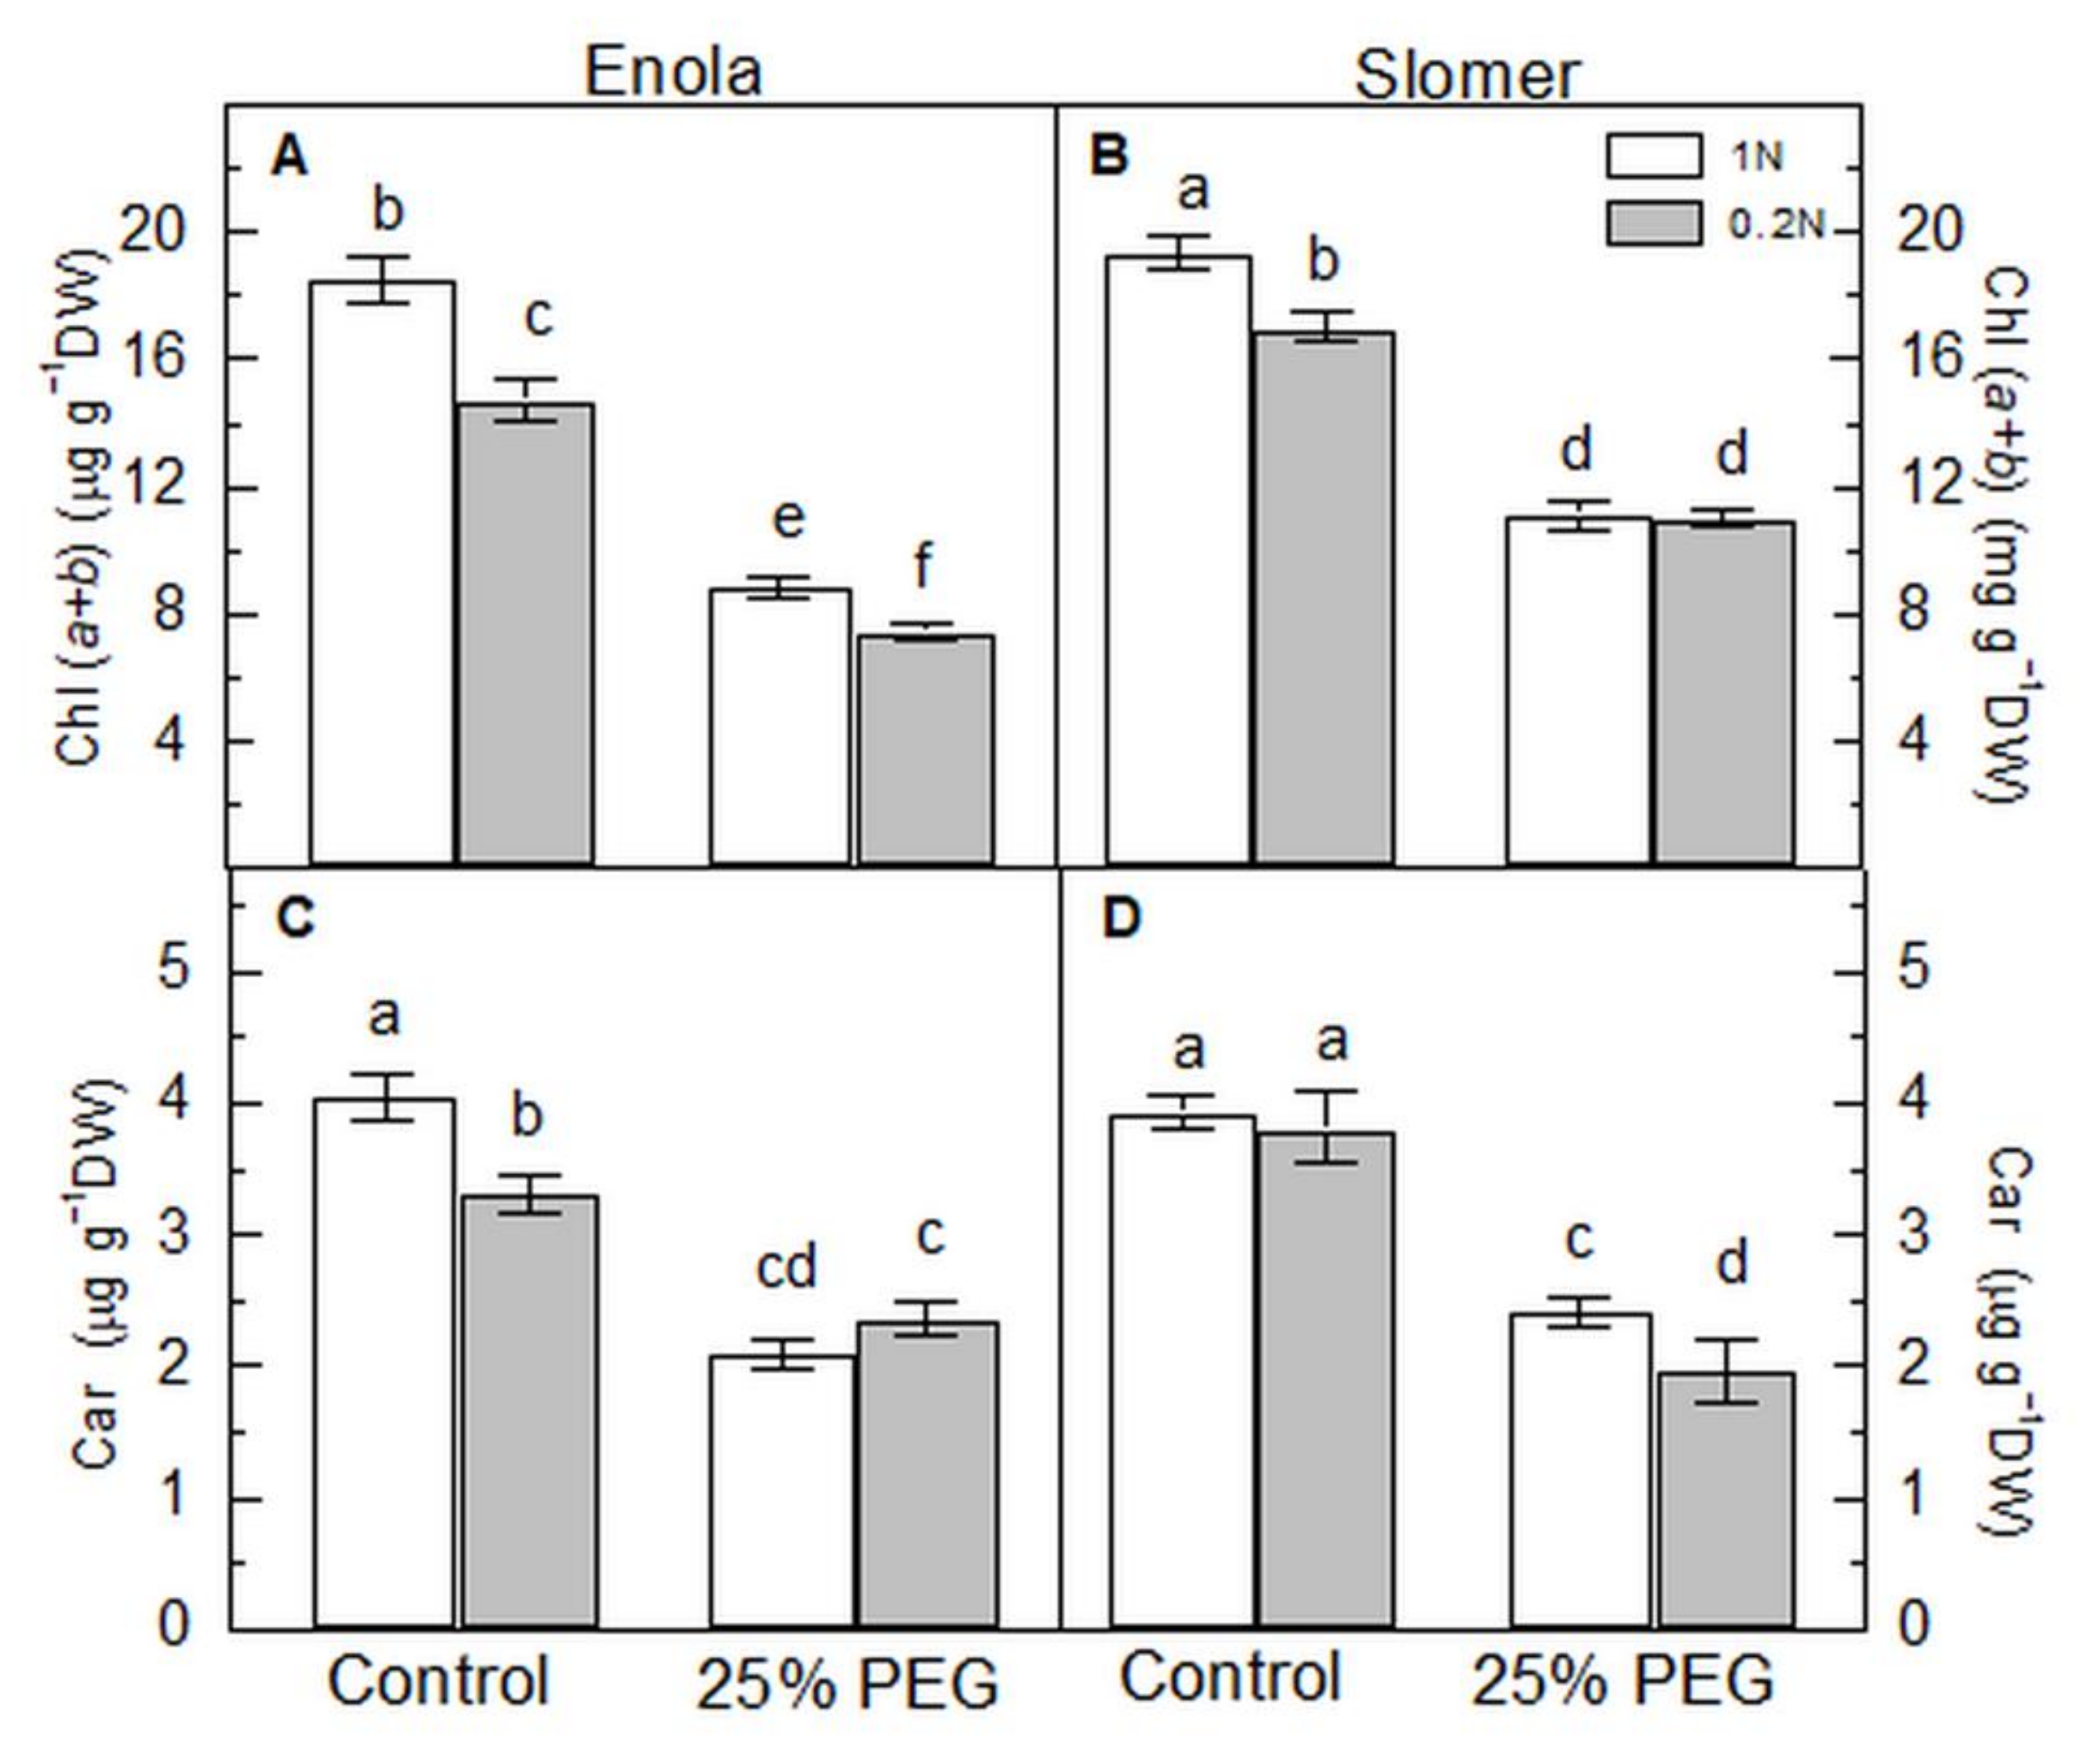 Plants Free Full Text Optimal Nitrogen Supply Ameliorates The Performance Of Wheat Seedlings Under Osmotic Stress In Genotype Specific Manner Html
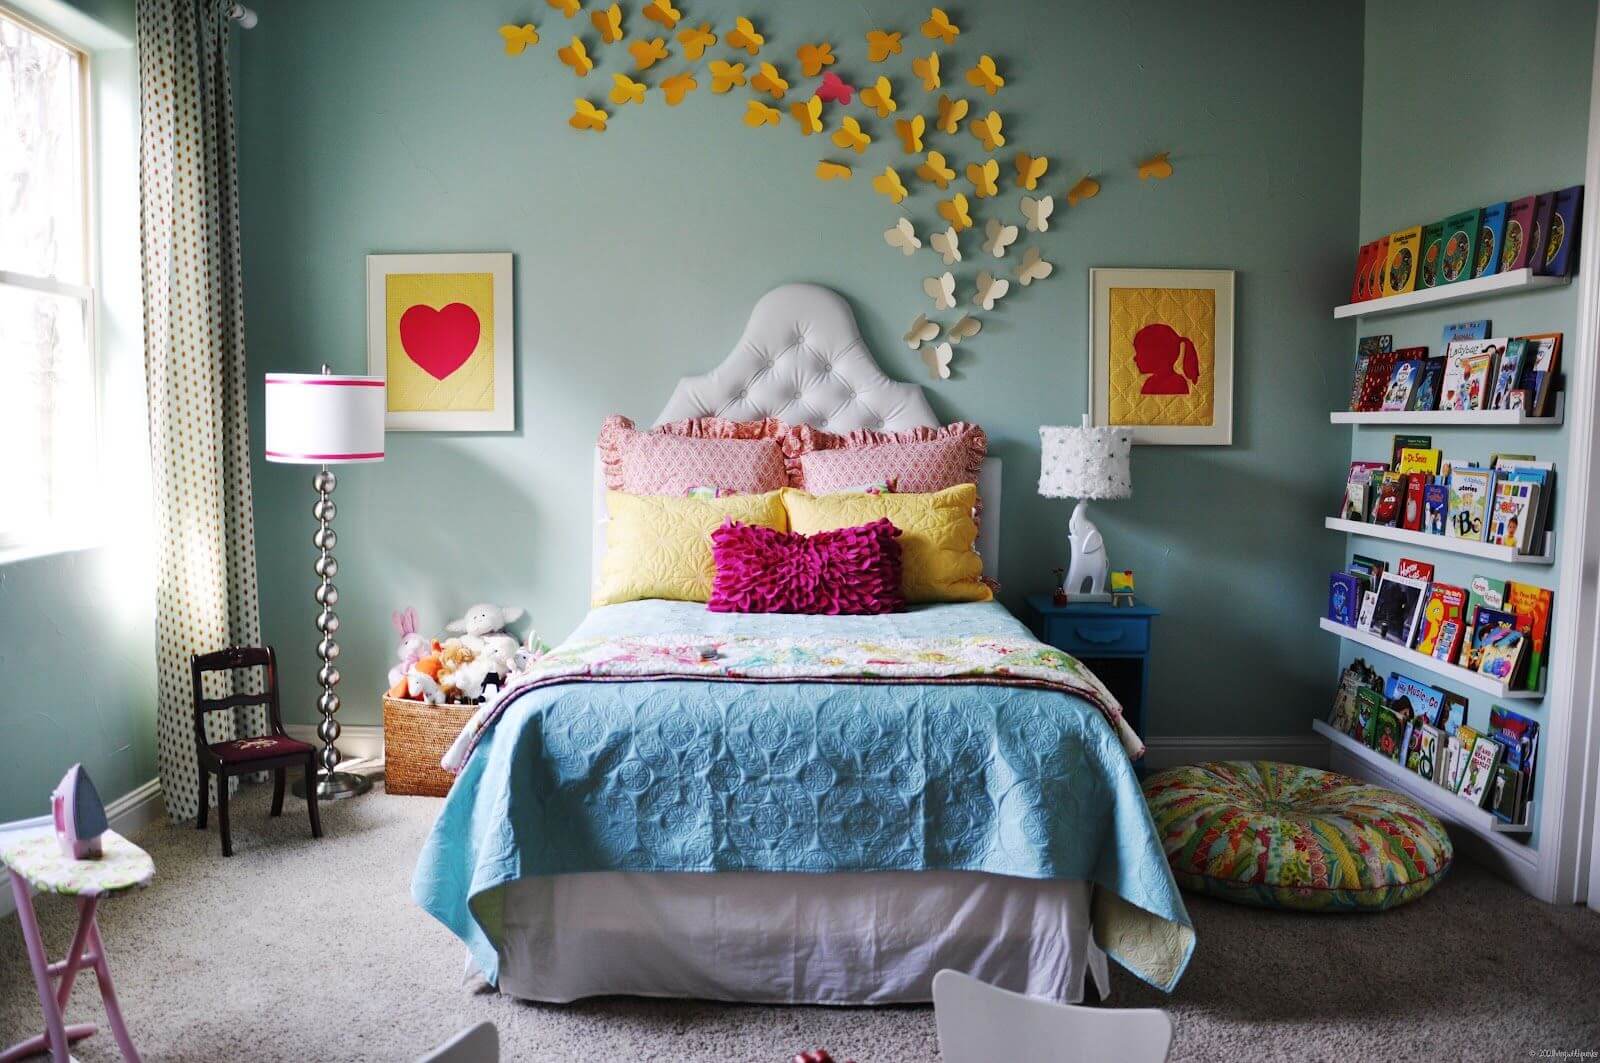 How to decorate your teenager’s bedroom
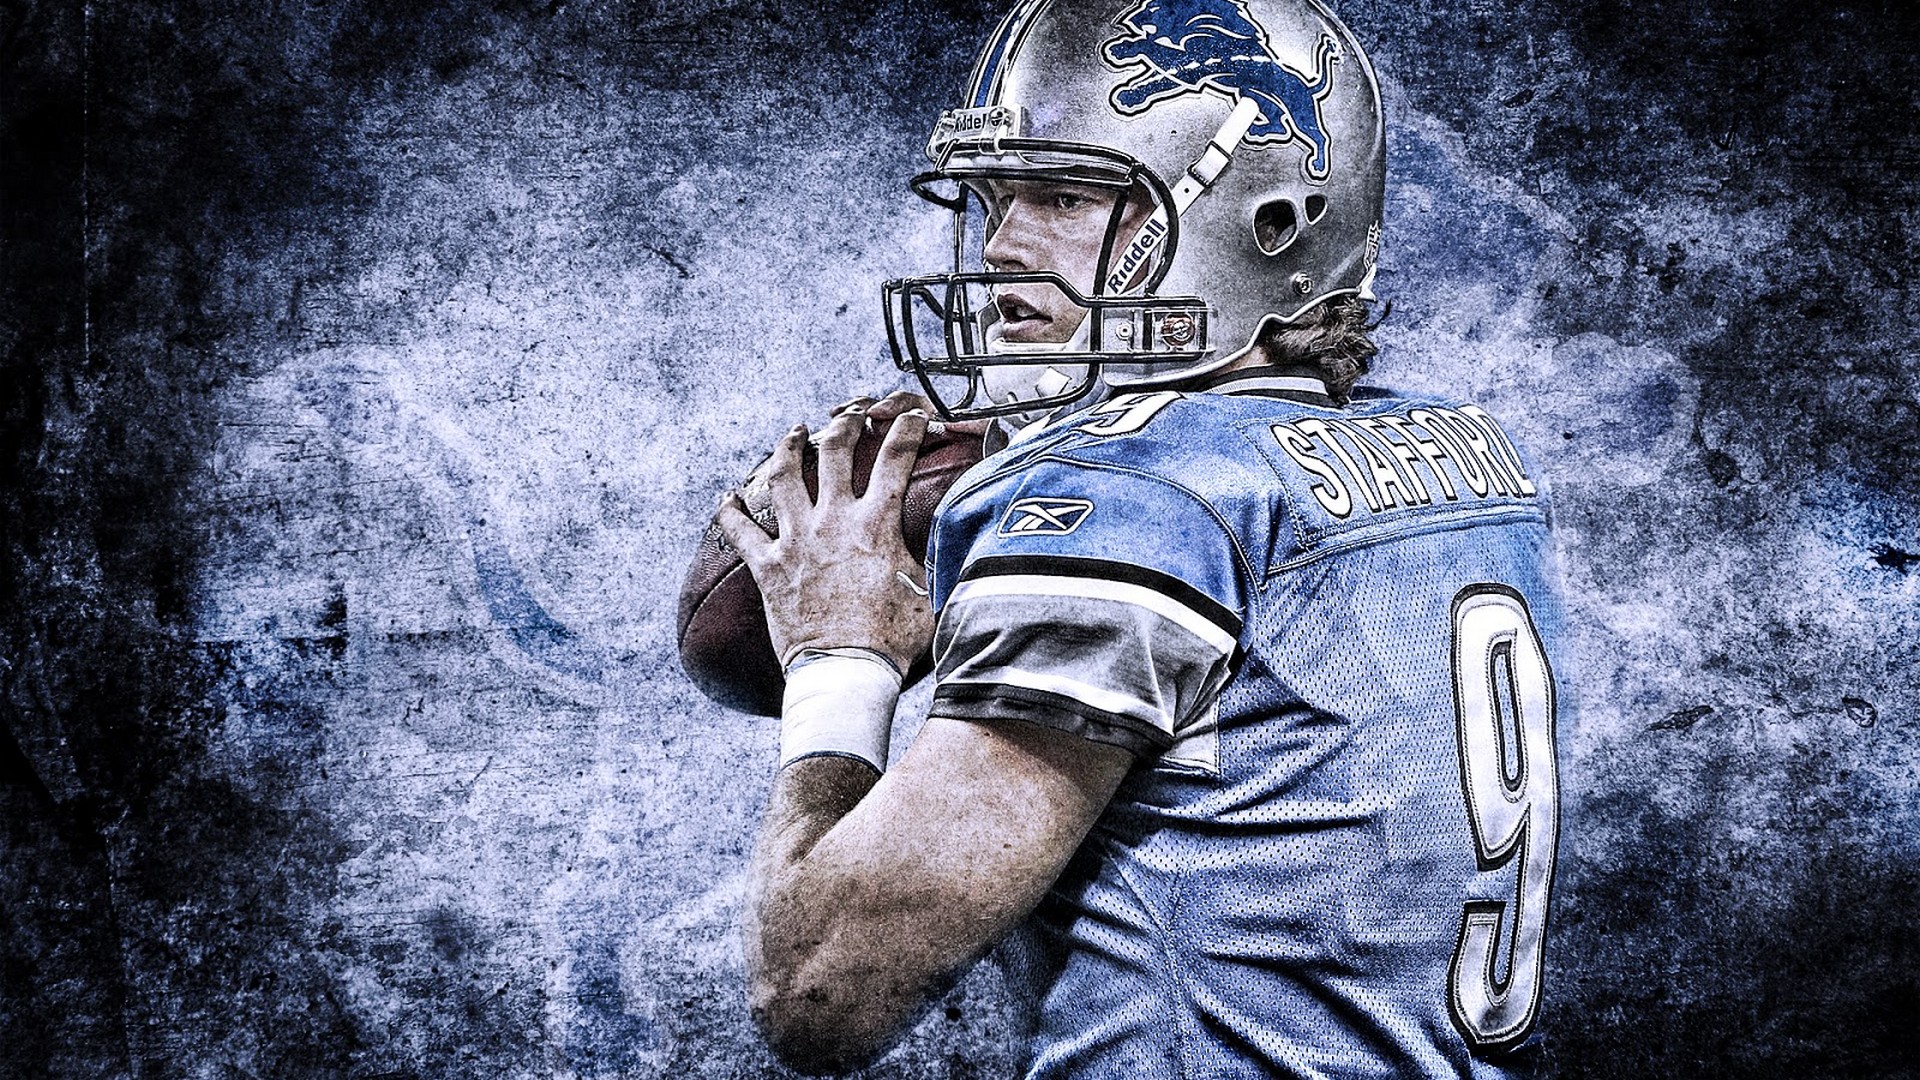 PC Wallpaper Detroit Lions with high-resolution 1920x1080 pixel. Download and set as wallpaper for Desktop Computer, Apple iPhone X, XS Max, XR, 8, 7, 6, SE, iPad, Android
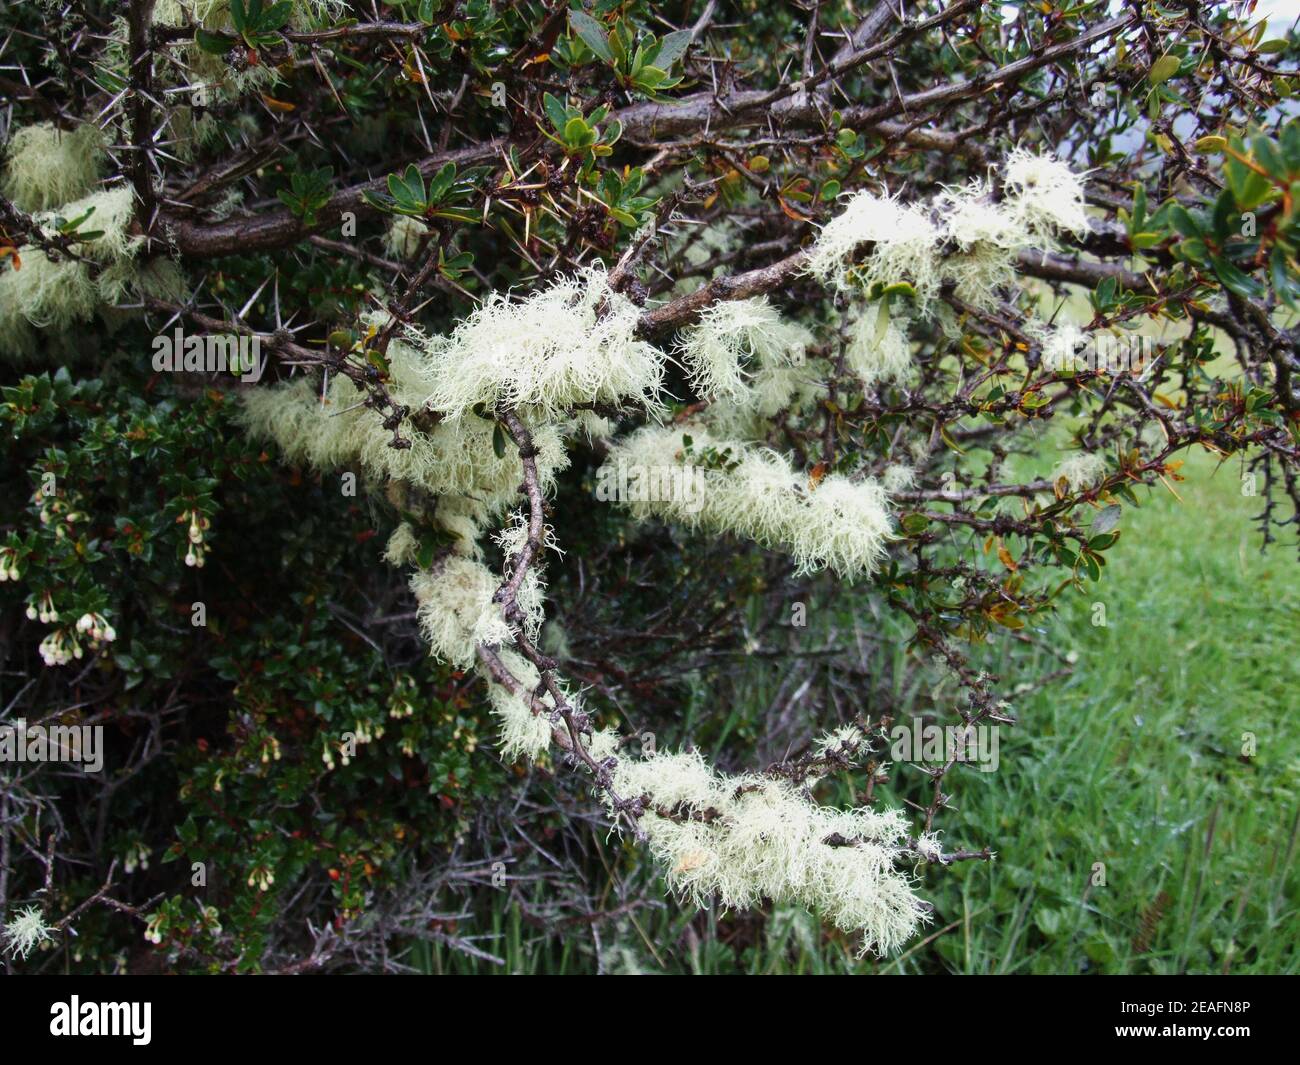 Lichen on branches in Tierra del Fuego National Park, Argentina  Stock Photo

**What is being asked**
Everything in the listing should be repeated exactly except the pictures.

**Written answer**
 Plants Free Full Text Optimal Nitrogen Supply Ameliorates The Performance Of Wheat Seedlings Under Osmotic Stress In Genotype Specific Manner Html
 How to decorate your teenager’s bedroom
 PC Wallpaper Detroit Lions with high-resolution 1920x1080 pixel. Download and set as wallpaper for Desktop Computer, Apple iPhone X, XS Max, XR, 8, 7, 6, SE, iPad, Android
 Lichen on branches in Tierra del Fuego National Park, Argentina  Stock Photo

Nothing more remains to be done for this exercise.